Jim Crocicchia

No. 2, 7, 9
- Position: Quarterback

Personal information
- Born: February 19, 1964 (age 62) Waterbury, Connecticut, U.S.
- Listed height: 6 ft 2 in (1.88 m)
- Listed weight: 209 lb (95 kg)

Career information
- High school: Holy Cross (Waterbury)
- College: Penn
- NFL draft: 1987: undrafted

Career history
- New York Giants (1987); New York Knights (1988);

Career NFL statistics
- Passing attempts: 15
- Passing completions: 6
- Completion percentage: 40.0%
- TD–INT: 1–0
- Passing yards: 89
- Passer rating: 82.4
- Stats at Pro Football Reference

Career AFL statistics
- Completions-Attempts: 111-238
- Passing yards: 1,601
- TD-INT: 26-9
- Passer rating: 80.53
- Stats at ArenaFan.com

= Jim Crocicchia =

American football player (born 1964)

James Francis Crocicchia (born February 19, 1964) is an American former professional football player who was a quarterback in the National Football League (NFL).
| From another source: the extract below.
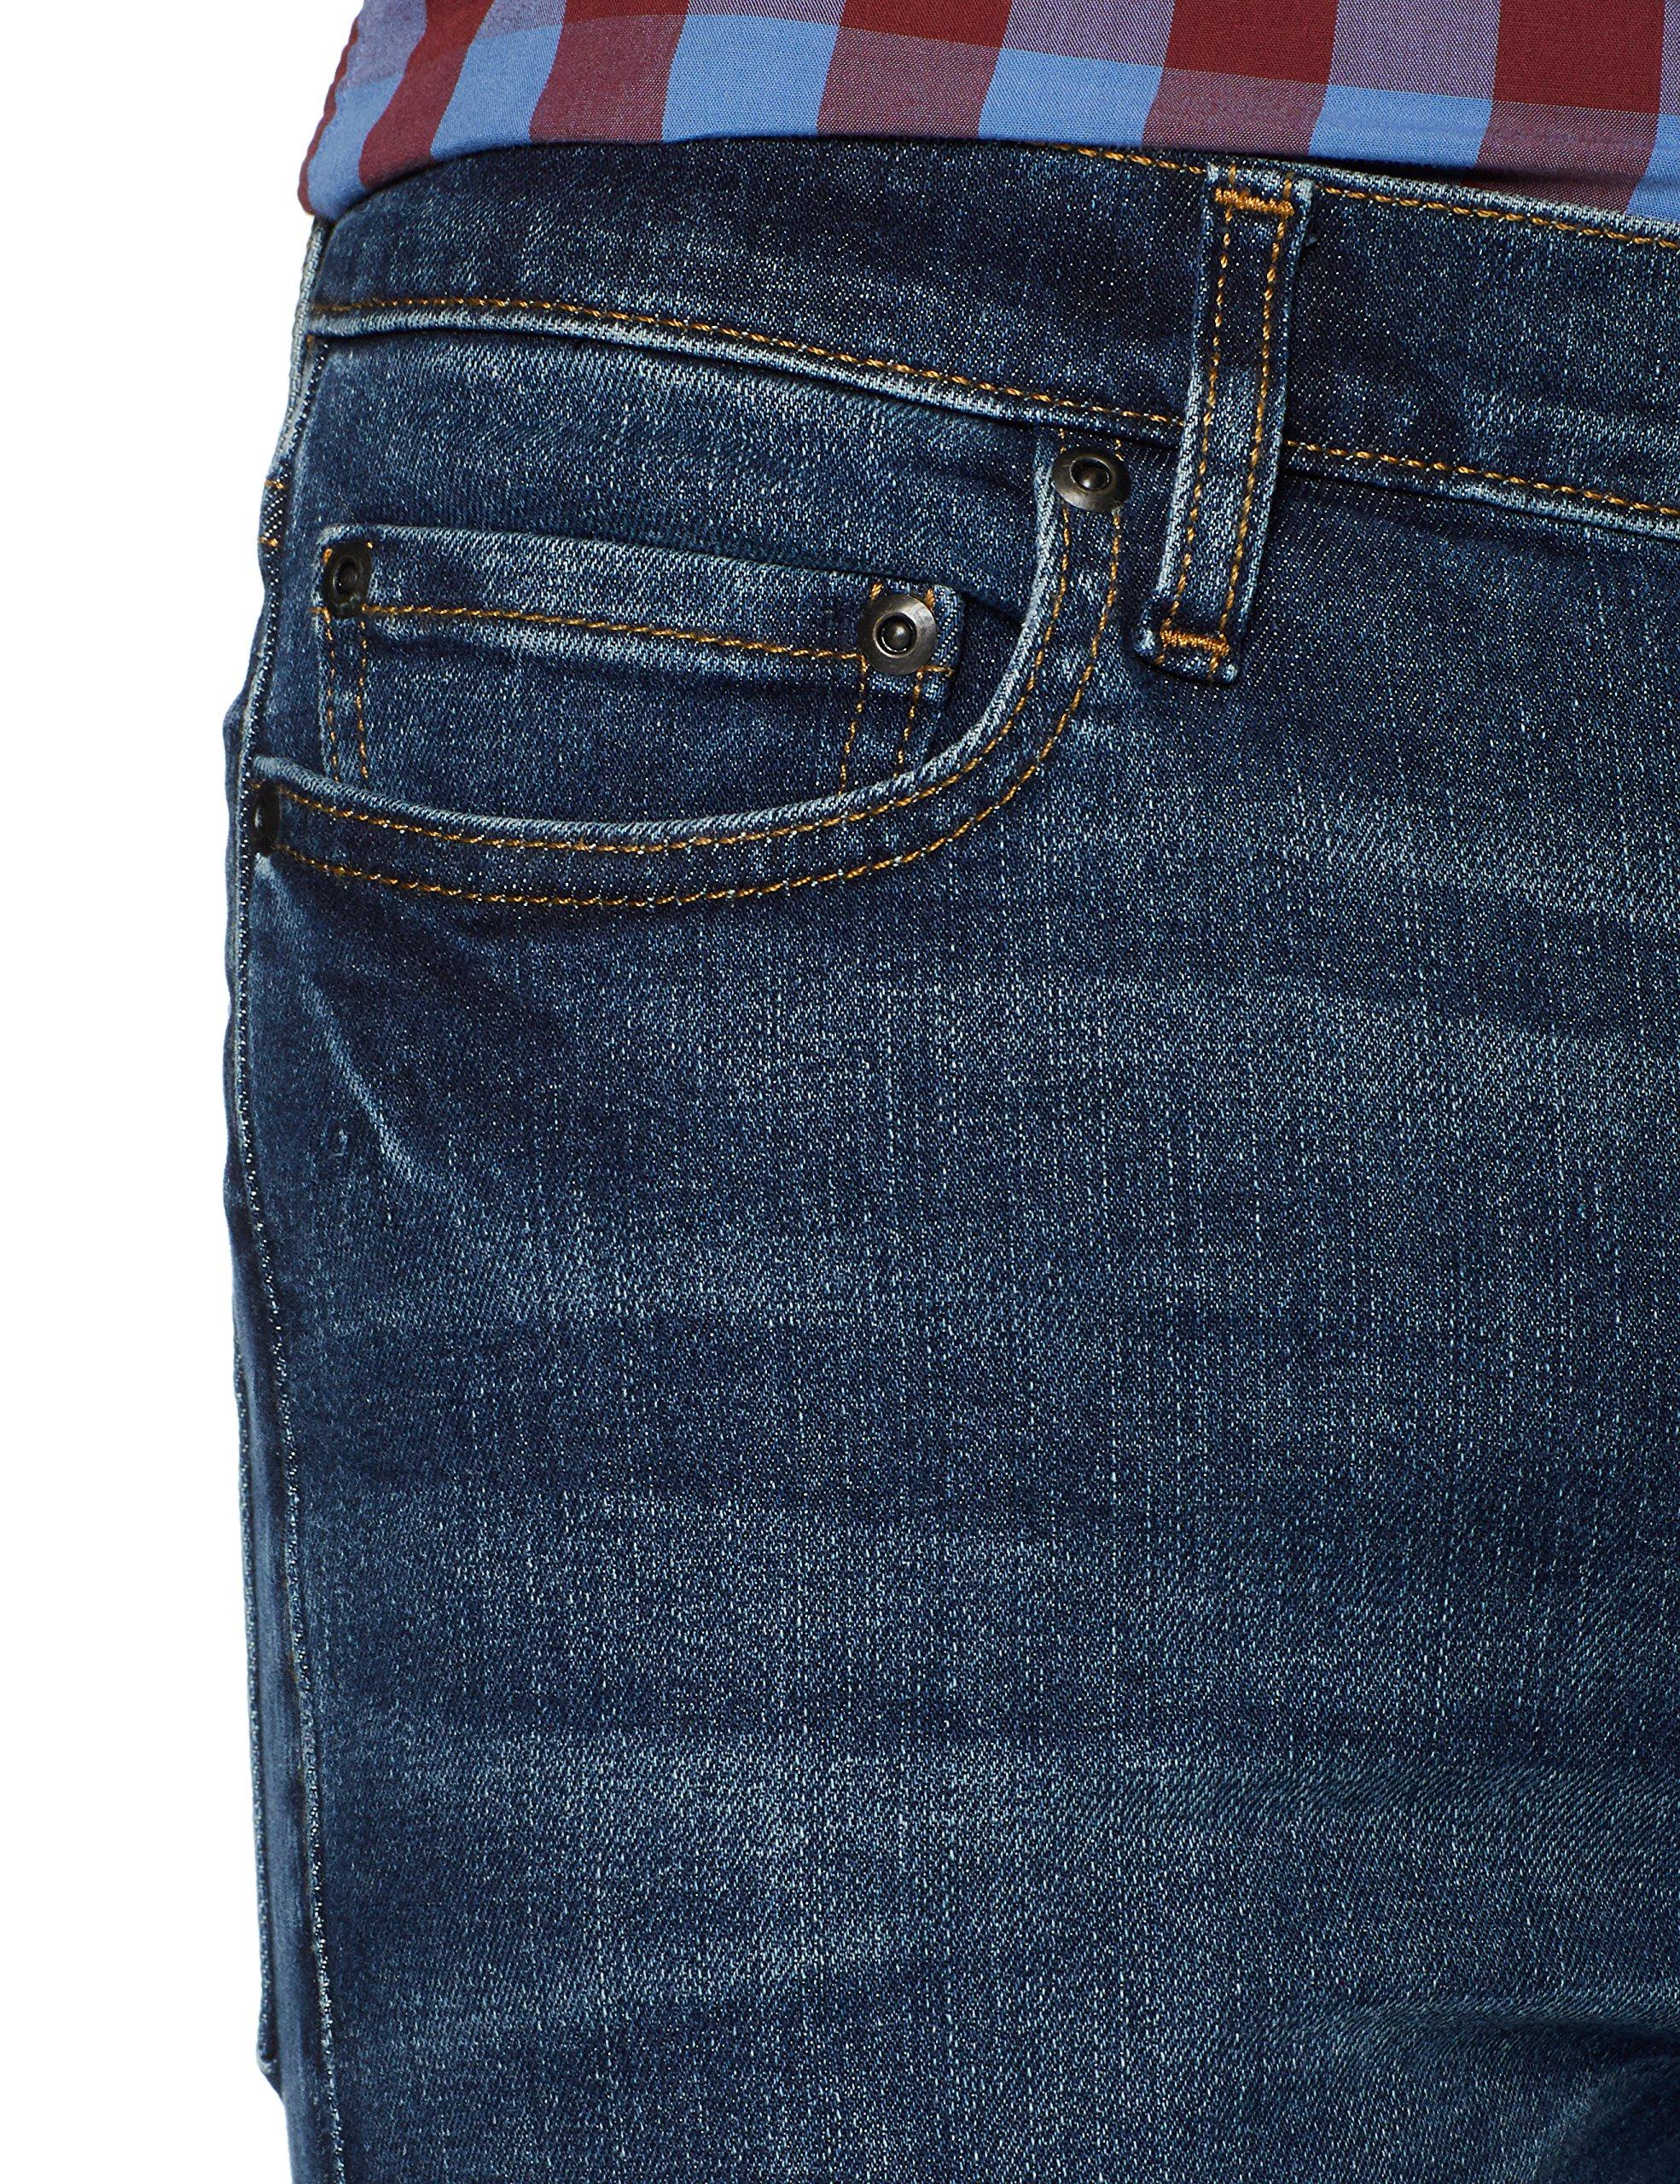 Goodthreads Men's Skinny-Fit Jean, Medium Blue, 38W x 34L by Goodthreads (Image #5)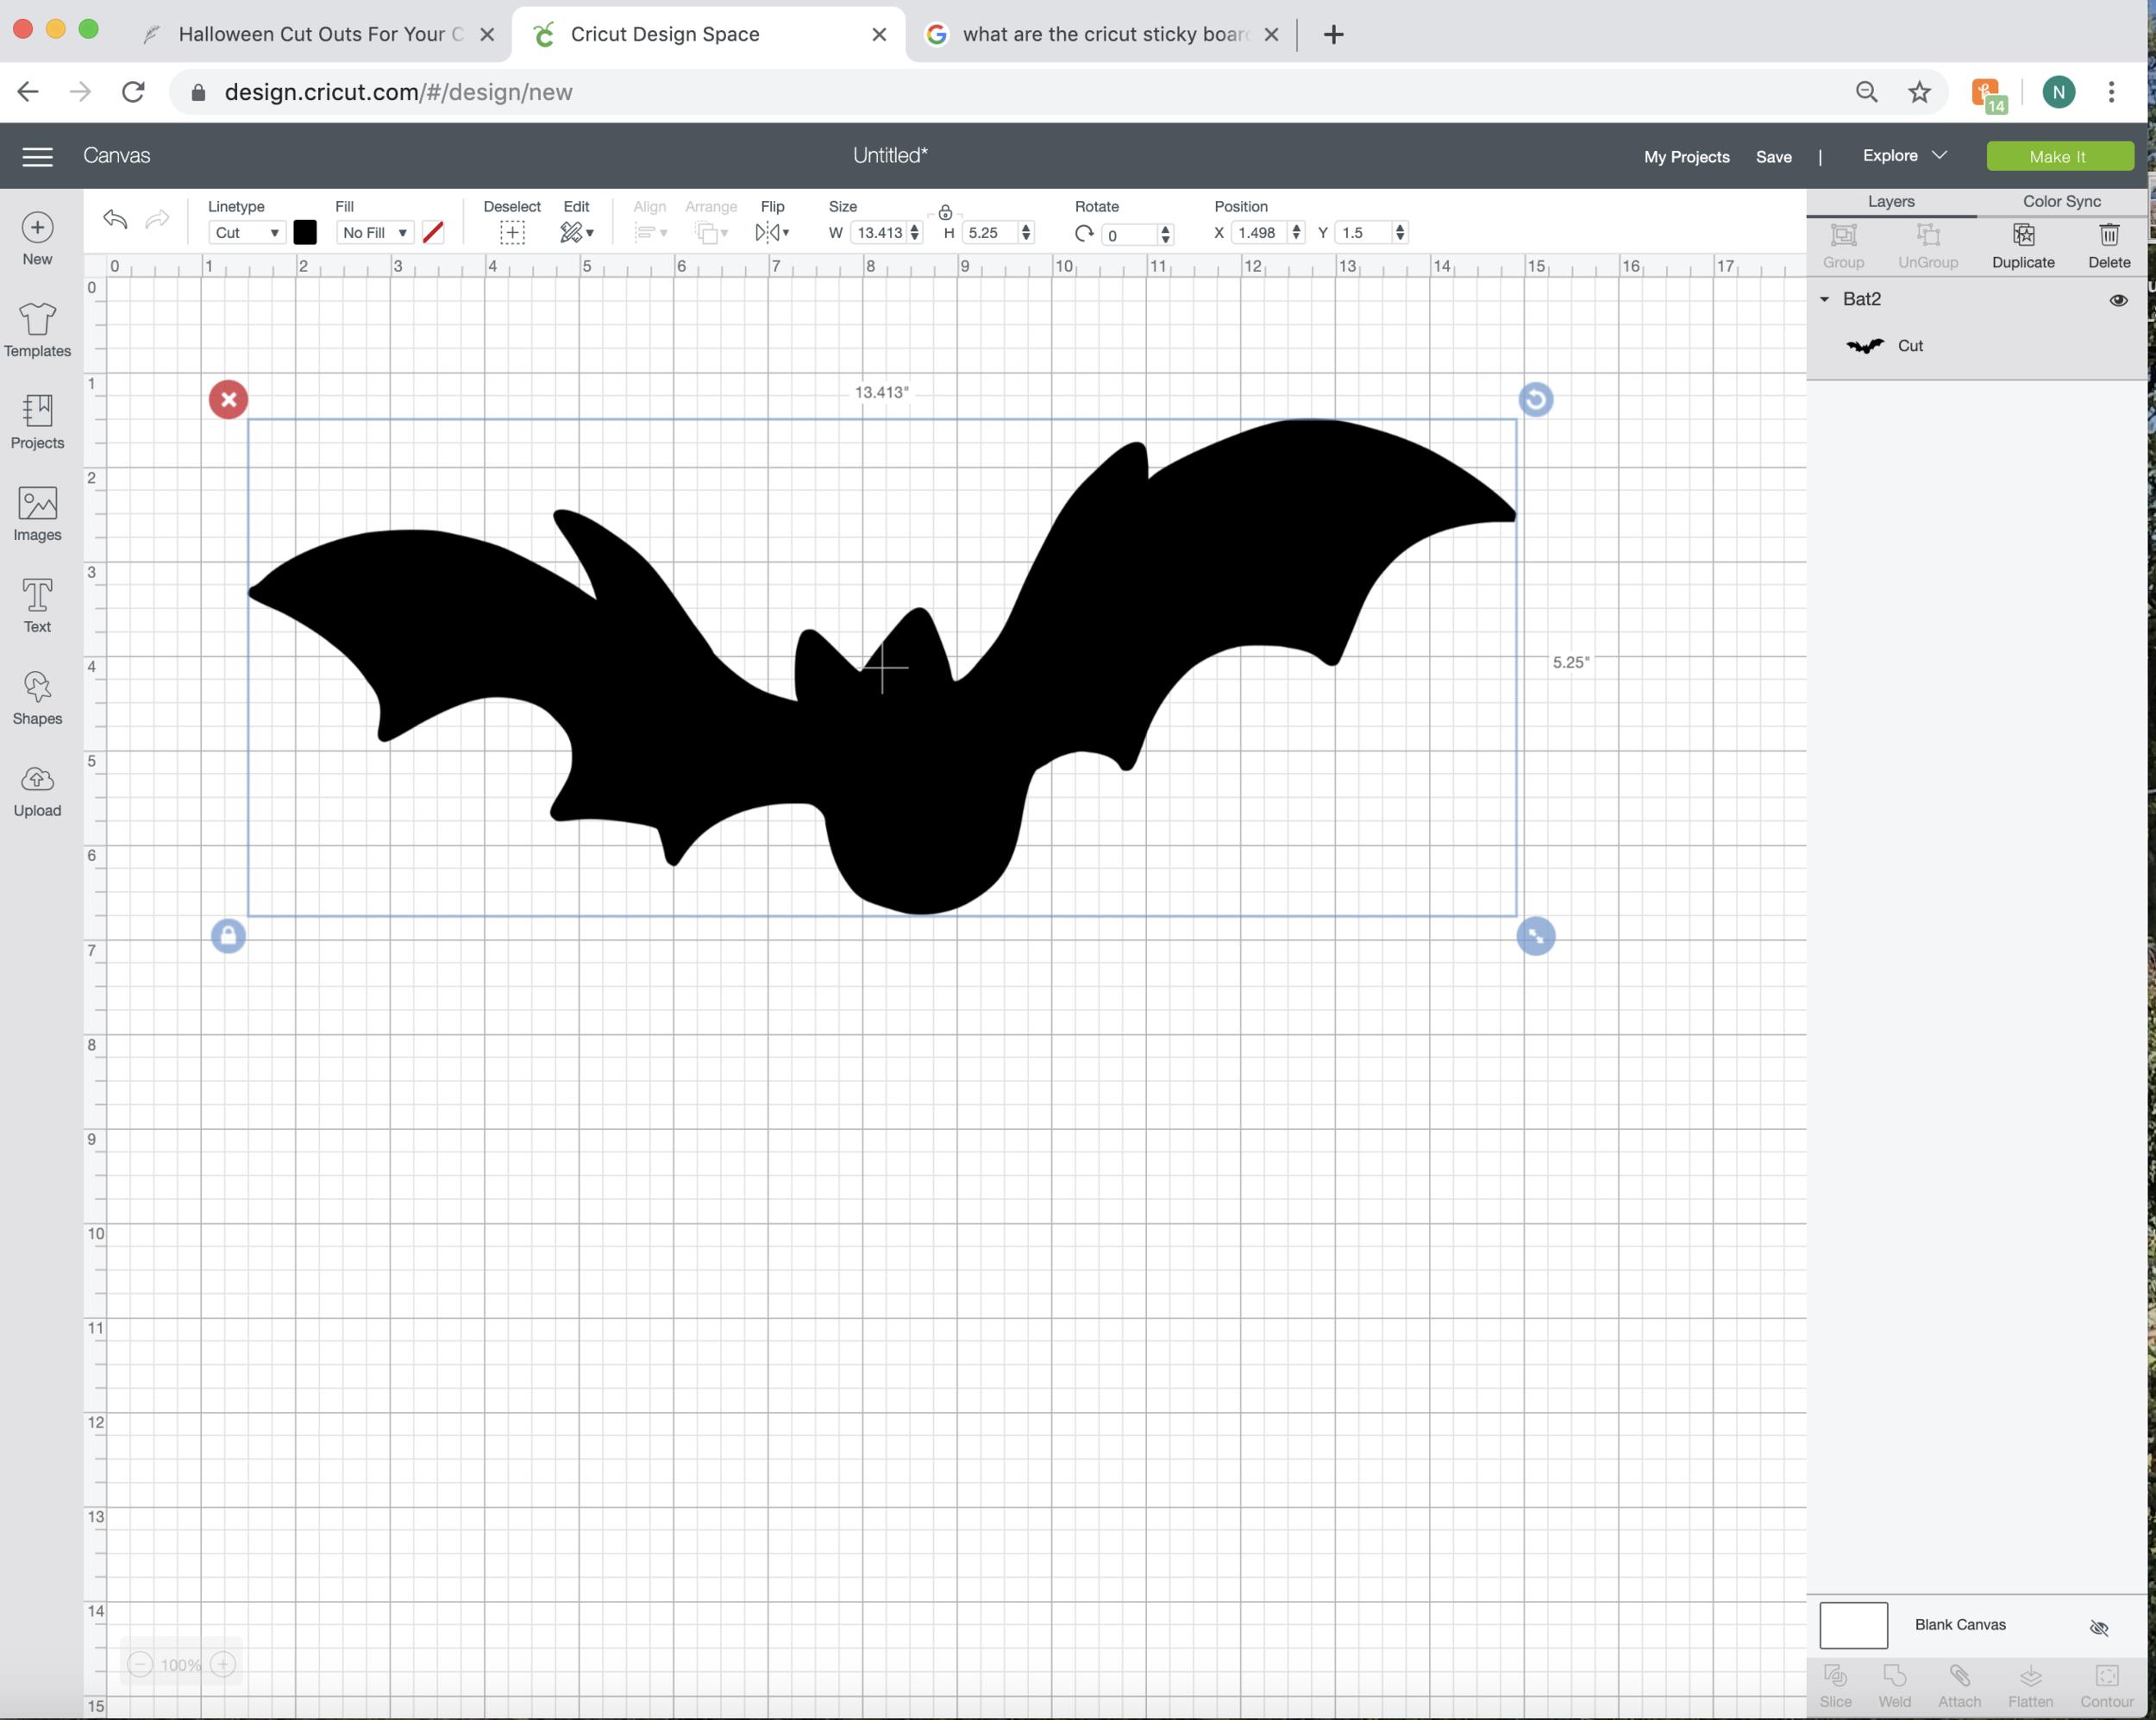 Cricut Tutorial with bats for halloween

He played college football for the Penn Quakers. Crocicchia was an NFL replacement player with the New York Giants in 1987. In 1988, Crocicchia played for the New York Knights of the Arena Football League (AFL).

==College career==
Crocicchia played for the University of Pennsylvania, leading the Quakers to three straight Ivy League championships in 1984–86.

==Professional career==

===New York Giants===
After going unselected in the 1987 NFL draft, Crocicchia was invited to training camp by the New York Giants. After being released, he was re-signed during the 1987 NFL strike and started for New York in Giants Stadium on Monday Night Football, October 5, 1987, against the San Francisco 49ers, making him the first ex-Penn quarterback to play in an NFL game since Pard Pearce in the 1920s. In his first and only NFL game, Crocicchia completed only six of fifteen passes for 89 yards and a touchdown and was replaced with Mike Busch after suffering an elbow injury in the fourth quarter. The Giants lost the game with a score of 41–21.

===New York Knights===
In 1988, Crocicchia played for the New York Knights of the Arena Football League. As the Knights starting quarterback, Crocicchia went 111-for-238 for 1,601 yards, with 26 touchdowns and nine interceptions. Crocicchia's favourite receiver, with 40 receptions, was Edwin Lovelady, who had played with him on the Giants. The Knights went just 2-10 under Crocicchia, however, and when the Knights folded at the end of the season, it spelled the end of the quarterback's professional career as well.

==Personal life==

Crocicchia graduated from the Wharton School with a degree in economics. After his football career, he worked as a managing partner in an investment consulting firm.

His daughter Olivia Crocicchia is an actress famous for her role in the TV series Rescue Me.